Herbstblumen

«WAAAALTI – könntest du mal mit dem ­Abfallsack…?!»

Hildi stand in der Küche. Sie kochte Quitten zu Mus. Die letzten dieses Jahr.

Und natürlich hatte sie die Früchte viel zu spät vom Baum genommen. Sie waren nun gelb. ­QUITTENGELB. Und jeder Banause wusste, dass Quitten jung vom Ast besser gelierten. Und mehr hergaben.

«Du hast die Quitten viel zu spät abgenommen…», nörgelte er in Richtung Küchentür.

«WASISSSLOOS?» – Hildi kam herbeigedüst. Sie wedelte mit der tropfenden Konfitürenkelle. Und trug eine Ärmelschürze voller Flecken.

Vor zwei Tagen hatte sie Hagebutten zu Mus gekocht. Die Konfitüre blubberte etwas zu stark. Danach sah die Köchin aus wie eine abgestochene Mordleiche im Sonntagskrimi.

Walti schaute angewidert auf die Schürze. WO WAR SEINE TOPELEGANTE HILDI VON EINST GEBLIEBEN?

Als er sie an jener Juni-Party erstmals sah, war ihm die Luft weggeblieben: eine blonde ­Schönheit.

Sie tanzte in einer weissen Bluse Rock ’n’ Roll. Damals war sie noch unbefleckt.

Walti hatte sich sofort verliebt. Beim Slowfox biss er sie ins Ohr. Und als er Hildi dann heiss an sich drückte und sie mit dem Schnauzer anblochern wollte, klebte sie ihm eine: «SO WEIT SIND WIR NOCH NICHT, MEIN LIEBER!»

Zwei Monate später erlag sie seinen Blumen, die er ihr täglich vor dem Kriegsdenkmal pflückte. Und ins Büro brachte…

Es kam die erste Einladung: ein übertrieben ­hochgestyltes Restaurant, wo sie beide nicht ­wussten, wie man diese verdammten Scampi aus der Schale kratzen konnte.

Sie verliessen das Lokal. Und bestellten im Bahnhofsbuffet Spiegelei mit Rösti.

Walti hebelte nun los: «Du hättest die Quitten j u n g nehmen sollen. Nur junge sind gut. Und gelieren wunderbar…»

«JETZT FANG D U NICHT AUCH NOCH MIT ­DIESEM JUNGWAHN AN!», tobte Hildi.

Sie wedelte genervt mit der Kelle – sodass auch Waltis Brust wie TATORT aussah!

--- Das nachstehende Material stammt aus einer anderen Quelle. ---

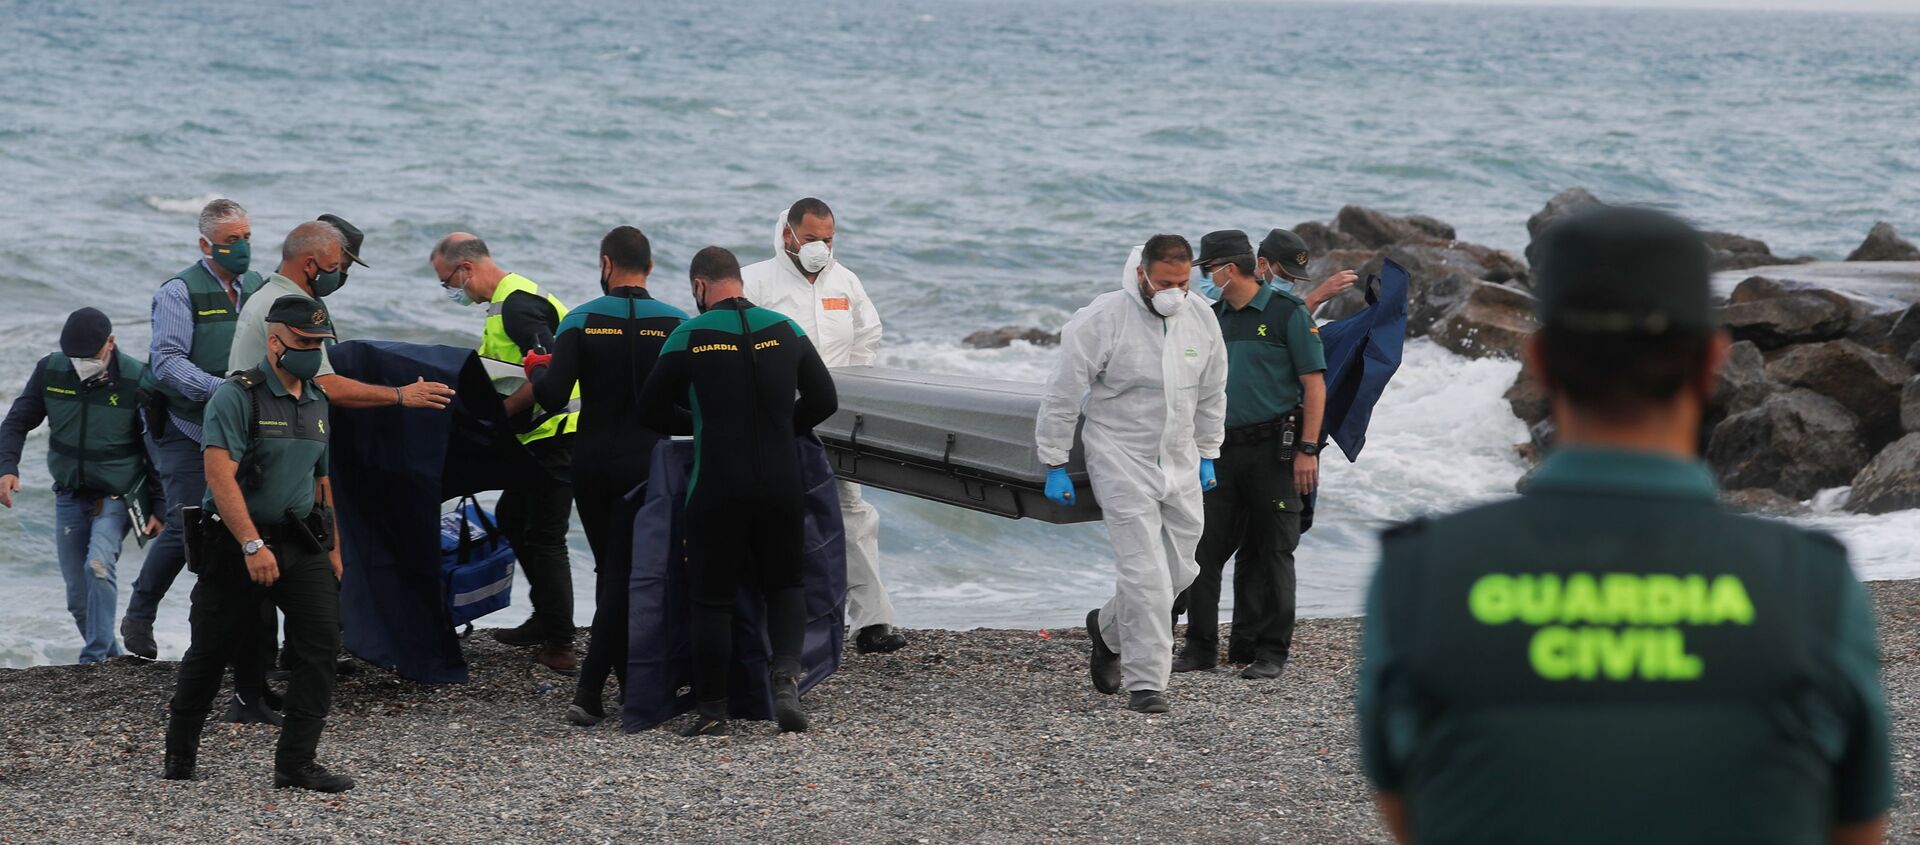 Workers carry a coffin containing a body at the shore near the Spanish-Moroccan border at El Tarajal Beach, after thousands of migrants swam across this border during the last days, in Ceuta, Spain, May 20, 2021 - Sputnik International, 1920, 31.05.2021

«Zieh dir ein frisches Hemd über!», bellte Hildi.

«UND WIRF D U DIR EINE SAUBERE SCHÜRZE AN…» – gabs ihr Walti zurück.

Sie stemmte die Fäuste in die Hüften: «ES GIBT EBEN LEUTE, DIE MÜSSEN ARBEITEN UND KÖNNEN NICHT EINFACH IM WEISSEN HEMD HERUMSPAZIEREN!» – das war ein Tritt an seine Pensionierung.

Seit er pensioniert war, fühlte sich Walti als ­fünftes Rad am Wagen. Er sass in der Wohnung herum. Und wollte ein paar Verbesserungs­vorschläge anbringen – etwa:

«Ich zeig dir jetzt, wie man eine Geschirrwaschmaschine effizient einräumt und…»

«WALTER!»

«…Ich meine es nur gut. Gestern war ein Teller nach dem Spülgang noch immer ganz verkrustet und…»

«WAAALTIII!» – es war der schwelende Kleinkrieg einer ausgelutschten Ehe.

Walti ging in das Italiener-Caffè an der Ecke. Und blätterte die Zeitung durch: ÜBERALL KRIEGE UND ANSCHLÄGE. (UND SEIN LIEBLINGSCLUB HATTE AUCH VERLOREN.)

MIESE WELT!

Auf dem Heimweg kam er an einem ­improvisierten Stand vorbei.

Schüler verkauften hinter einem Holztisch Herbstblumen-Bouquets: «Für unsere Maturreise», strahlten sie.

Walti gab ihnen einen 20-Franken-Schein. Und drückte Hildi den Strauss in die Arme: ­«Herbstblumen! Ich liebe dich trotzdem…»

Sie grinste: «Du hast den Abfallsack nicht runtergebracht…»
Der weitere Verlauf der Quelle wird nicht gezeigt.